The article quoted Jeff Chapman, director of economic development at the Pew Charitable Trusts in Washington, who acknowledged that there is still a sense that incentives are necessary to remain competitive. But “[j]ust because you have to have incentives doesn’t mean you have to have all the incentives and pay whatever cost you’re currently paying.”

In Louisiana, Gov. Bobby Jindal proposed reducing corporate subsidies by $526 million to help balance the budget. This could affect a tax credit for filming movies, and suspend tax exemptions for hydraulic fracturing (fracking) for two years, which would cost approximately $289.4 million.

As for Oklahoma, Bloomberg Business quoted Rep. David Dank, the chairman of the subcommittee on Revenue and Taxation, who said that “[i]t’s time to draw a line in the sand and say, ‘[n]o more.’” The subcommittee will not consider new credits or exemptions. Gov. Mary Fallin acknowledges the need to be competitive as a state, but expects to be looking more carefully at whether incentives actually create jobs or spur investments.

In Illinois, Gov. Bruce Rauner recognizes the trade-off, but wants to limit corporate welfare by capping tax credits that he says “awarded millions of dollars in breaks for job retention to companies that have dismissed workers.” Two months ago, the Chicago Tribune revealed that Gov. Rauner had hired a new chief financial officer, Donna Arduin, promising her $120,000 for a four month contract to “address the stew of challenges facing Illinois: a history of overspending, massive pension debt, a steep drop in tax revenues, and a vast political divide between the governor and legislature.”
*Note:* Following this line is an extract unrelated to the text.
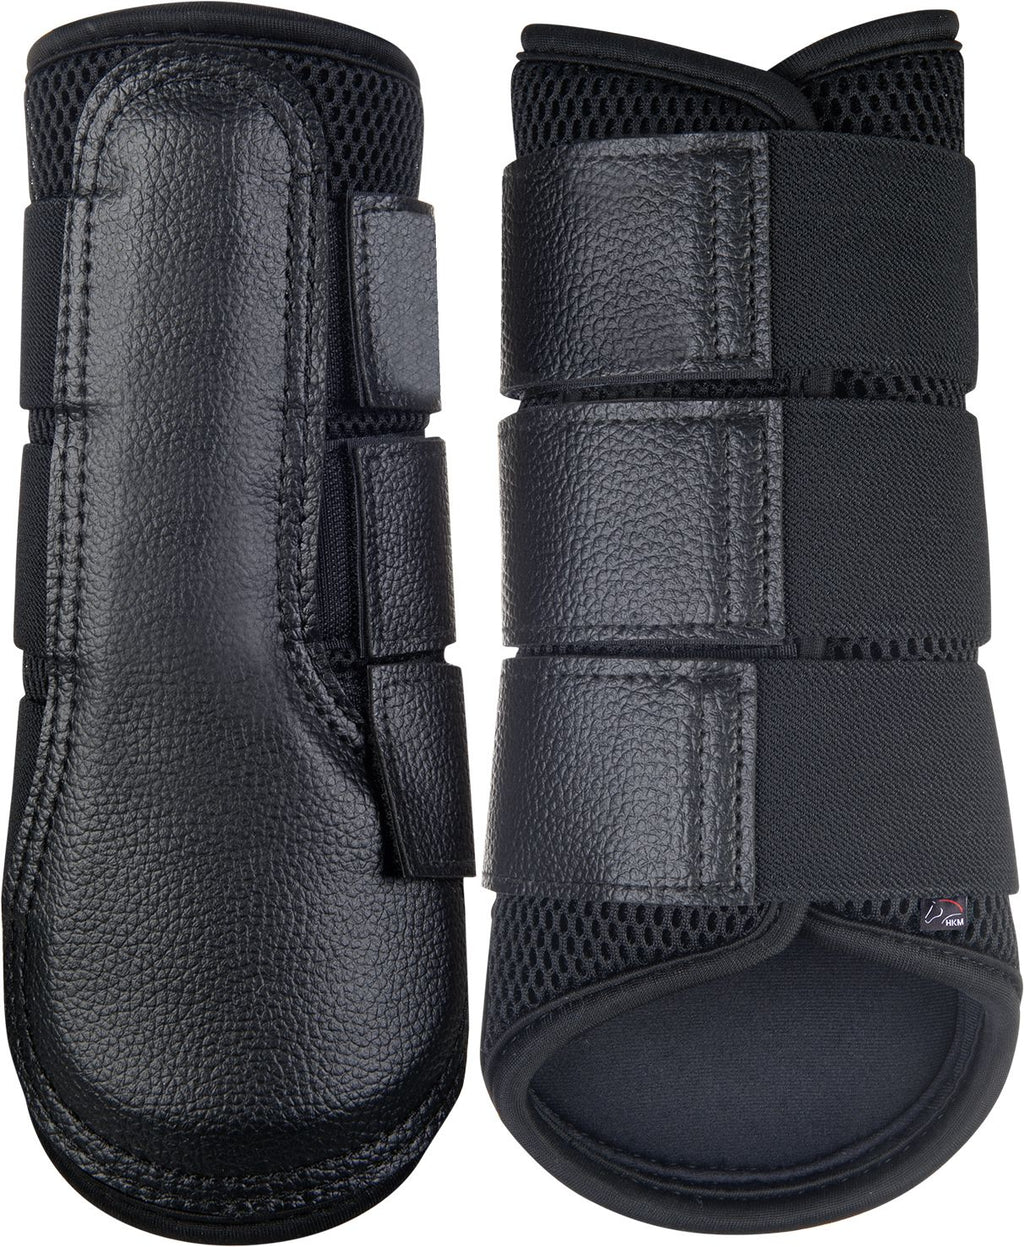 HKM Protection boots -Breath

Ms. Arduin favors reliance on consumption taxes over income and property taxes because, she believes, the latter stunts growth. A separate Bloomberg Business article reports that she recommended Kansas’ state income tax rollback, and that Gov. Brownback has recently proposed increases in consumption taxes to close the budget hole.
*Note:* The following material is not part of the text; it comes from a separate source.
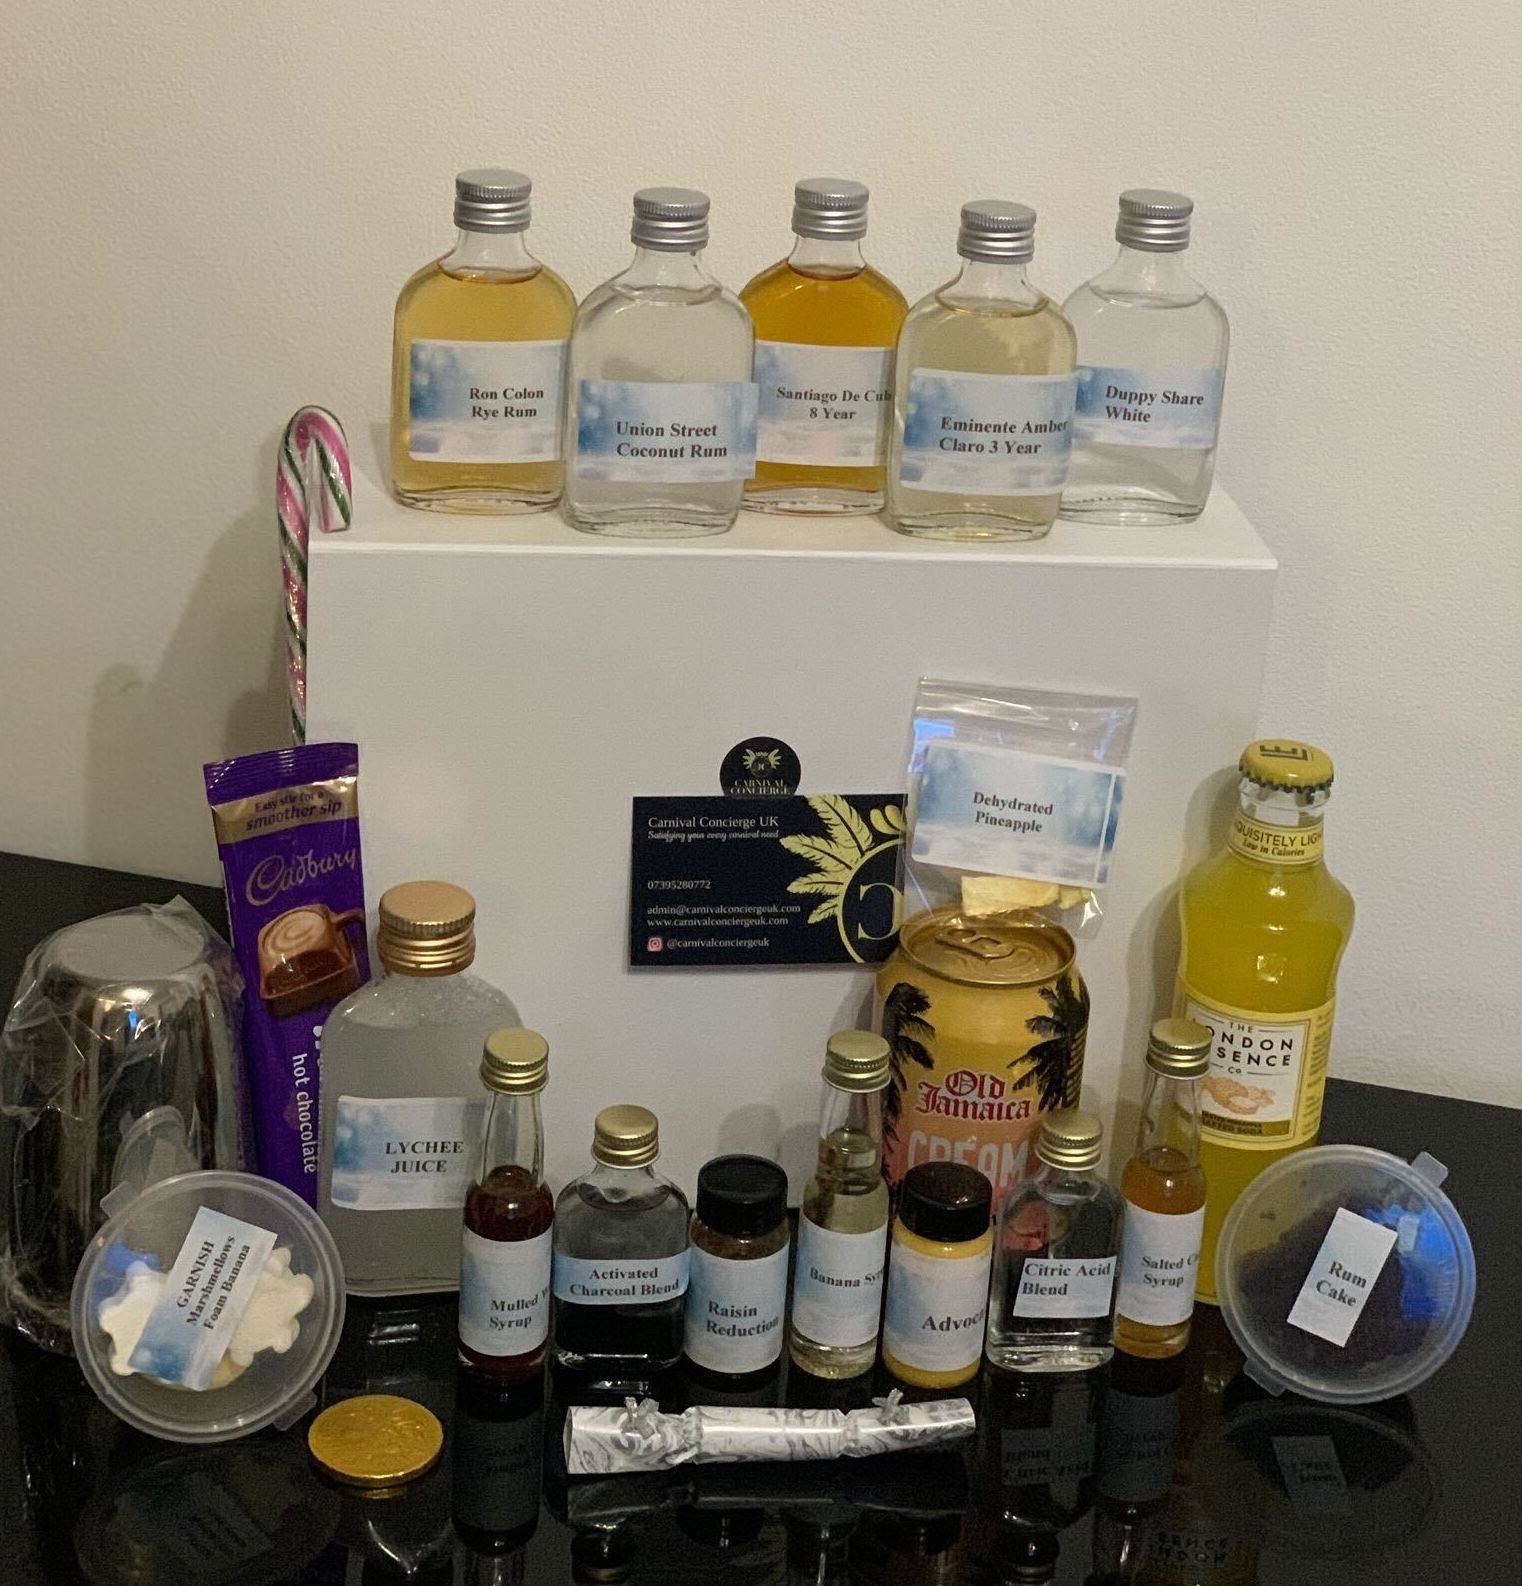 The contents of an at-home cocktail kit from Carnival Concierge.

Despite all this, lawmakers continue to pursue deals. Bloomberg Business noted that states and localities approve about $50 billion in tax breaks a year, and the number of deals with incentives greater than $100 million has doubled since the recession. These are promoted as a way to spur expansion, attract jobs, and retain companies. Last year, Nevada offered $1.3 billion to lure a Tesla Motors Inc. battery manufacturing plant. And the state of Washington gave Boeing Co. tax breaks worth $3.2 billion in 2003. In 2013, it offered another $8.7 billion to keep work on the 777X jetliner in Seattle.

Officials who were desperate for jobs during the recession are paying more attention to the cost and whether the programs deliver what they promise.